Było zwsze nieprzyjemnie?

Może być znacznie lepiej, byleś znowu nie wyobrażała sobie bógwico o Twoim chłopie. Lepiej daj mu trochę "do wiwatu" - niech się o Ciebie postara, niech ma trochę mniej pewności, że już jesteś jego połówką i wolno mu wszystko i jeszcze więcej.

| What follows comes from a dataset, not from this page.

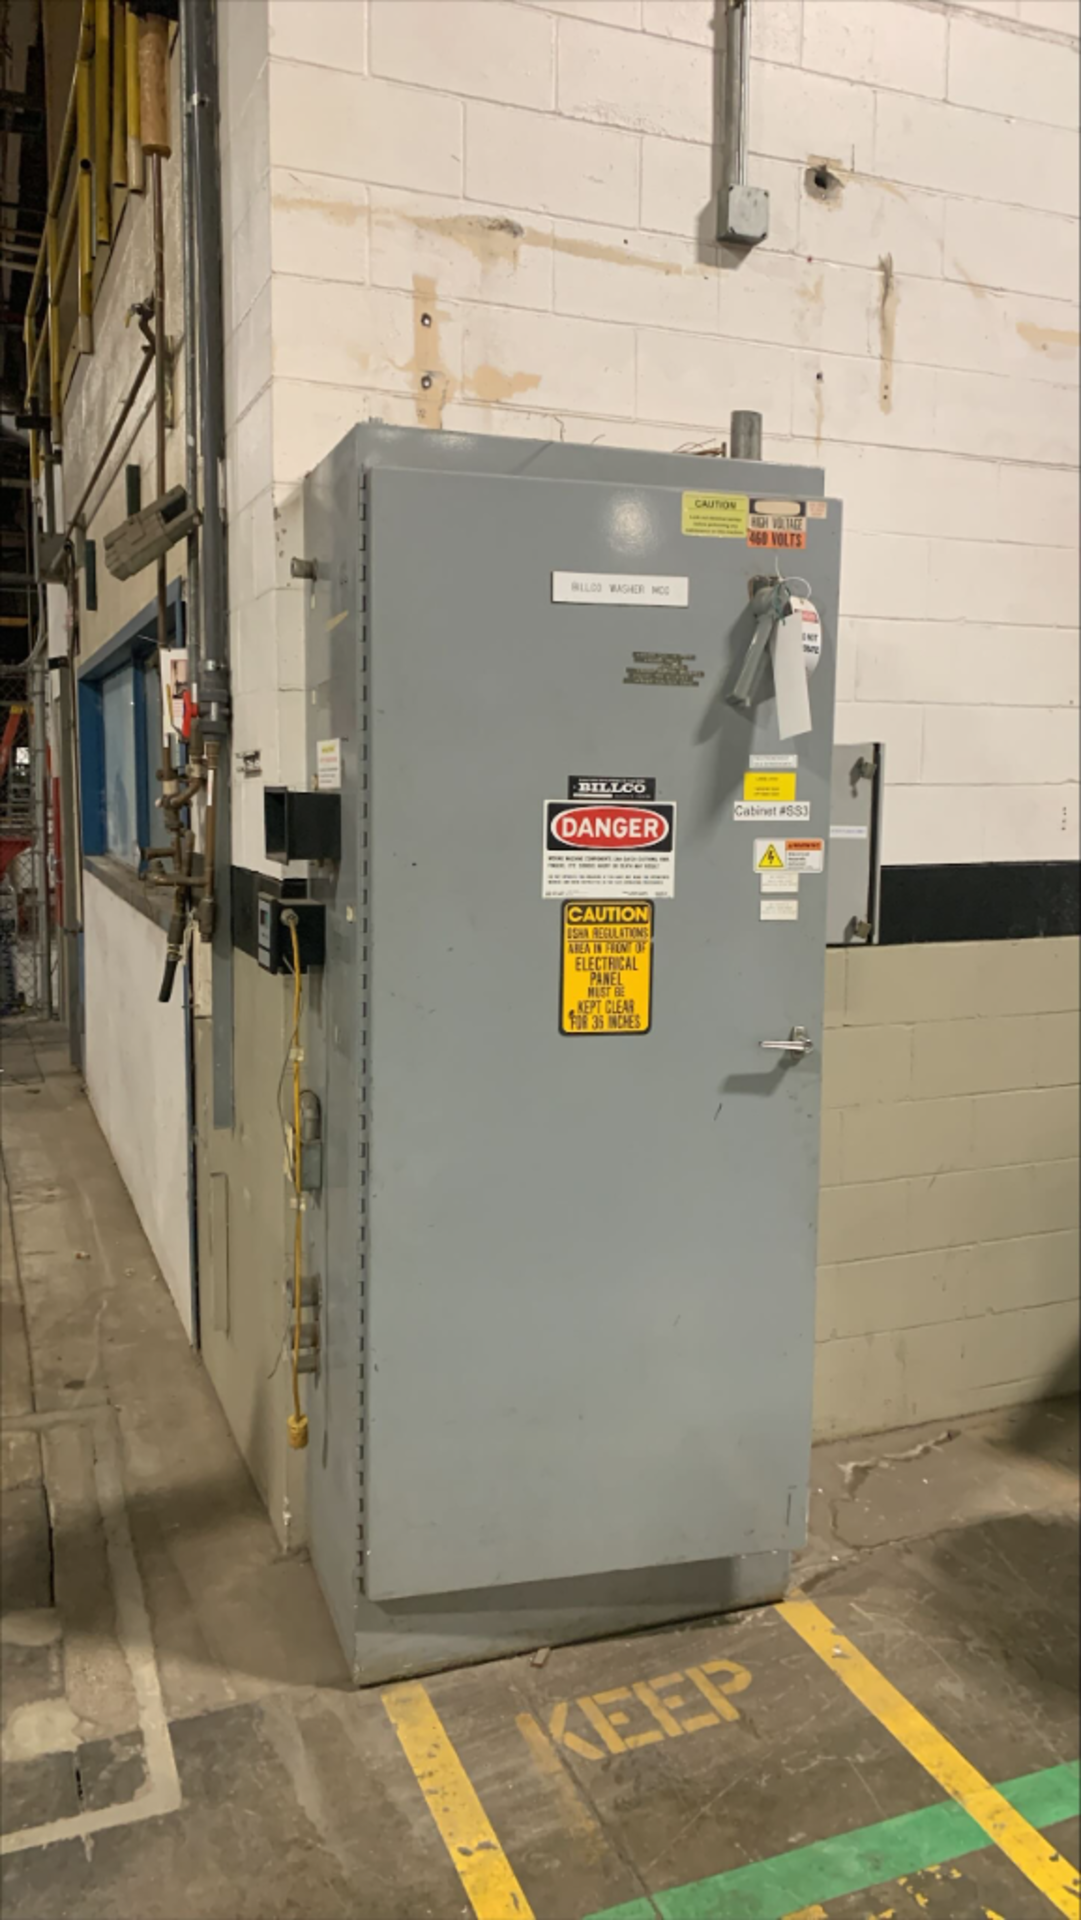 Electrical Cabinet with contents

No! Postrzelaj oczkami w tego, co wydaje się akurat dla Ciebie, powachluj mu przed nosem rzęsami, pokaż mu atrakcyjny profil albo en face. Pamiętaj, że mężczyzn jest prawie tyle samo, co kobiet i masz dużą szansę znaleźć tego odpowiedniego dla Ciebie.
Tylko musisz stać się aktywniejsza wobec kandydatów jeszcze nieznanych, ale kto wie ...
Miłość ma swoje preludium - to GOTOWOŚĆ do zakochania się.